▸ What you are asked to do: Only the lines from the one containing "Mike LeDonne, the" through the end of the data below are to be repeated, exactly as given, without pictures.

▸ Data:

--- START ---

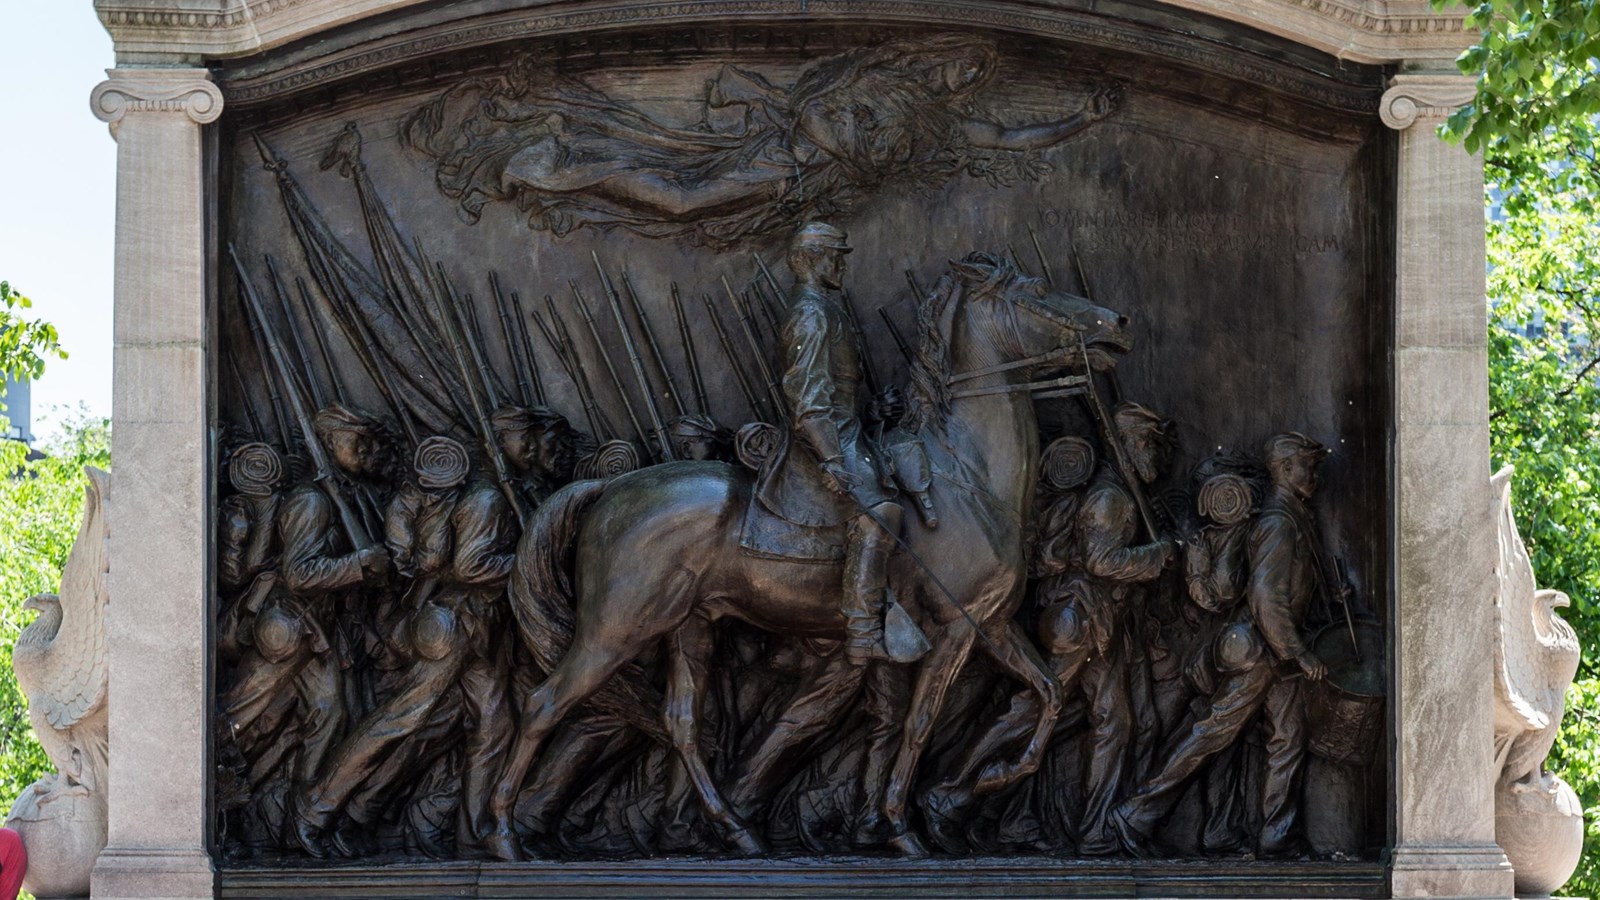 Monument of a man on a horse with multiple soldiers marching around him.
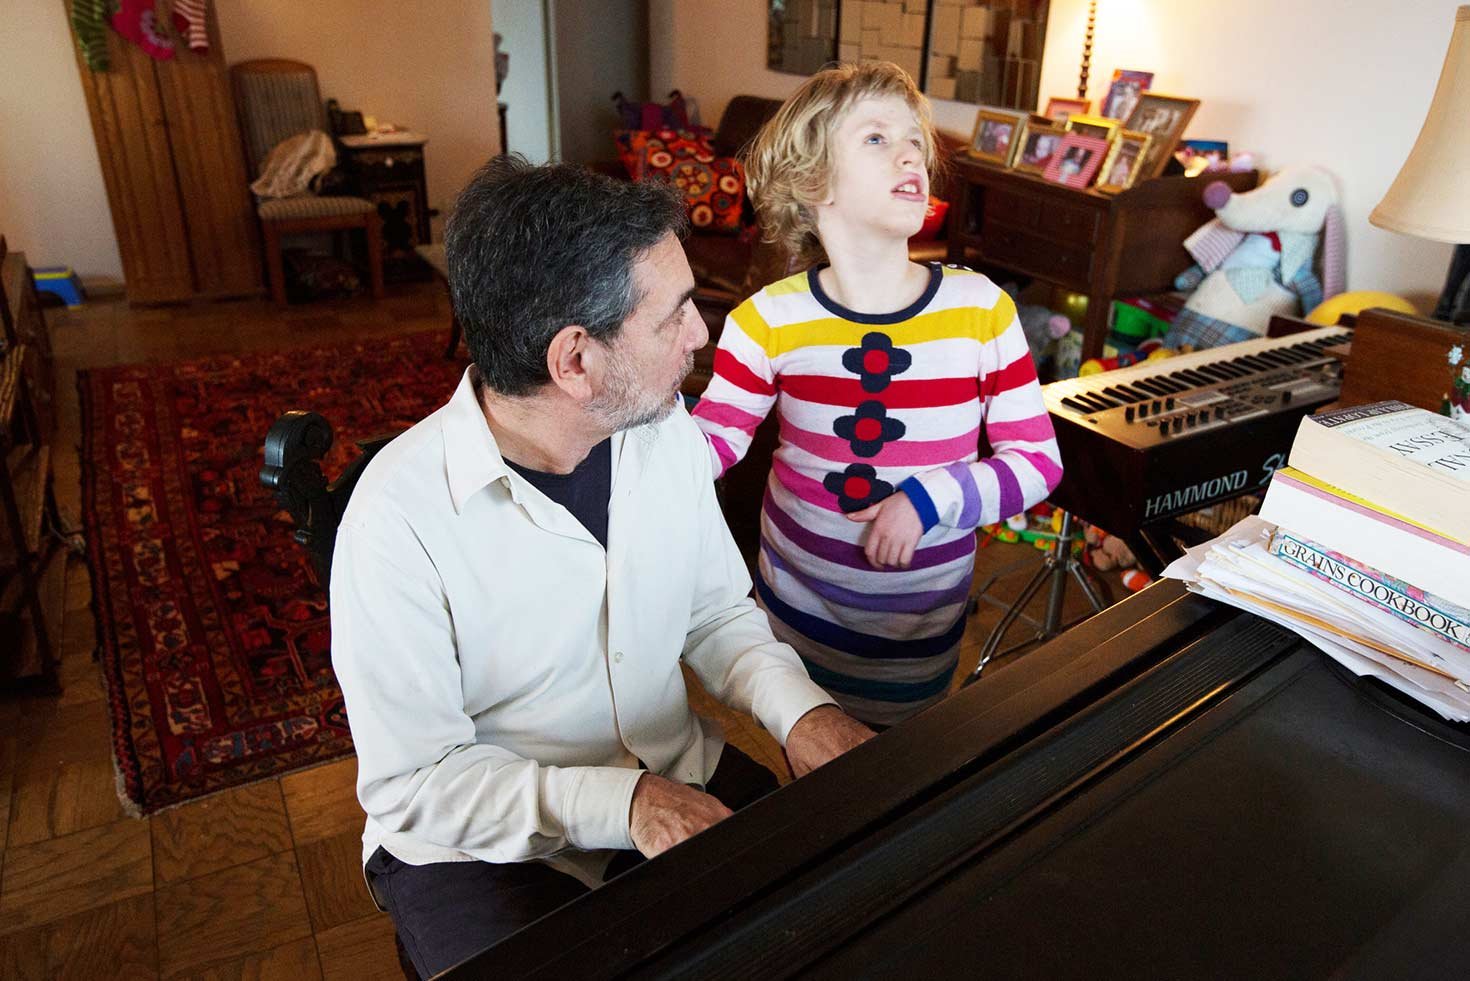 Mike LeDonne, the jazz pianist, and his daughter Mary at their apartment on West 43rd Street.
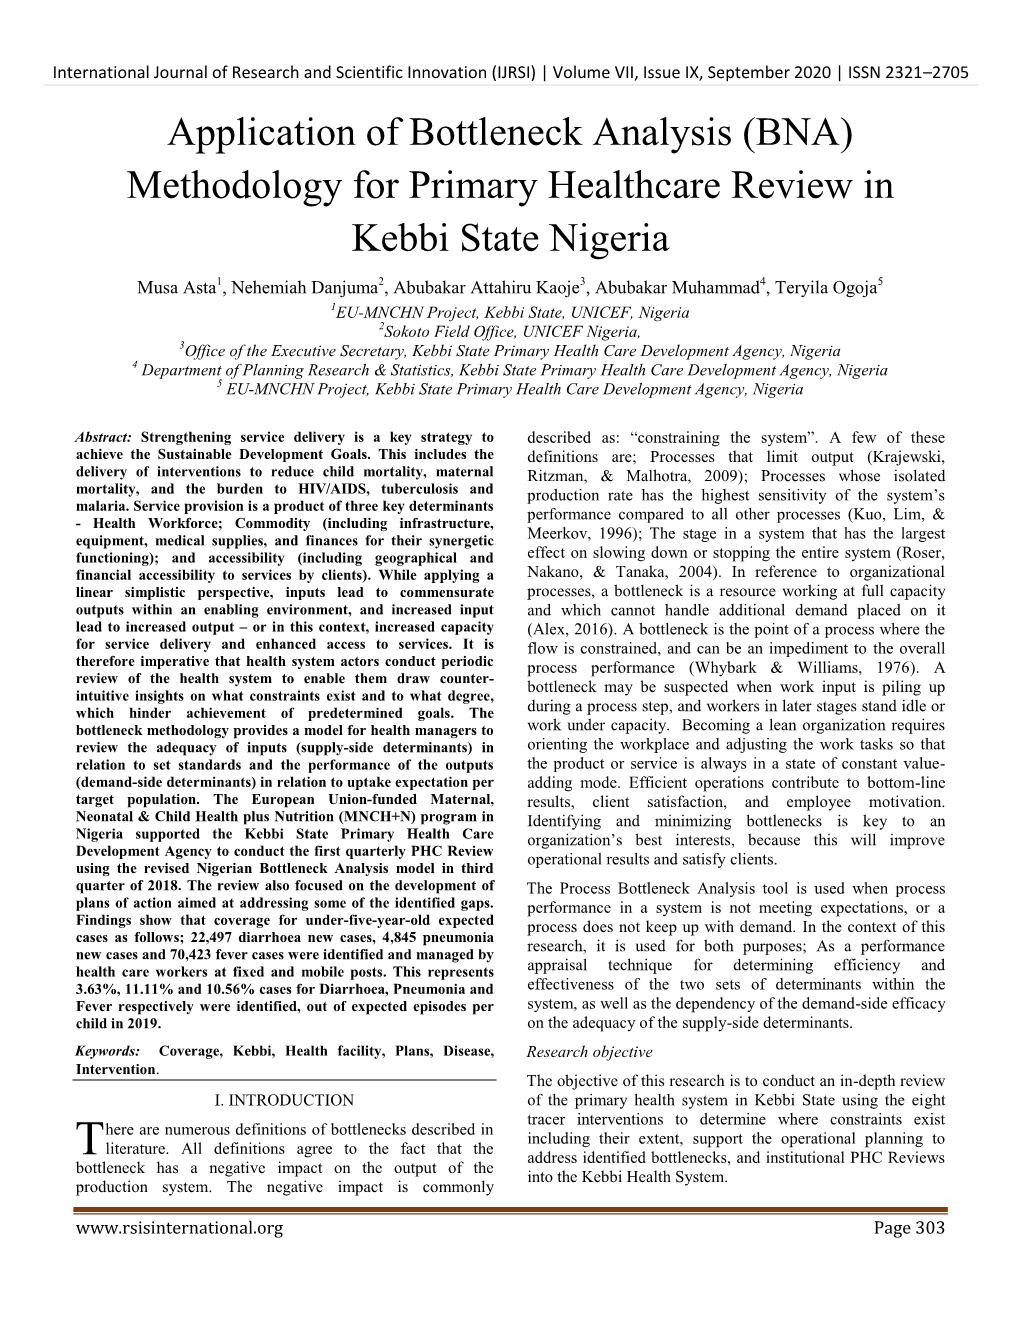 Methodology for Primary Healthcare Review in Kebbi State Nigeria

--- END ---

▸ Written solution:
 Mike LeDonne, the jazz pianist, and his daughter Mary at their apartment on West 43rd Street.
 Methodology for Primary Healthcare Review in Kebbi State Nigeria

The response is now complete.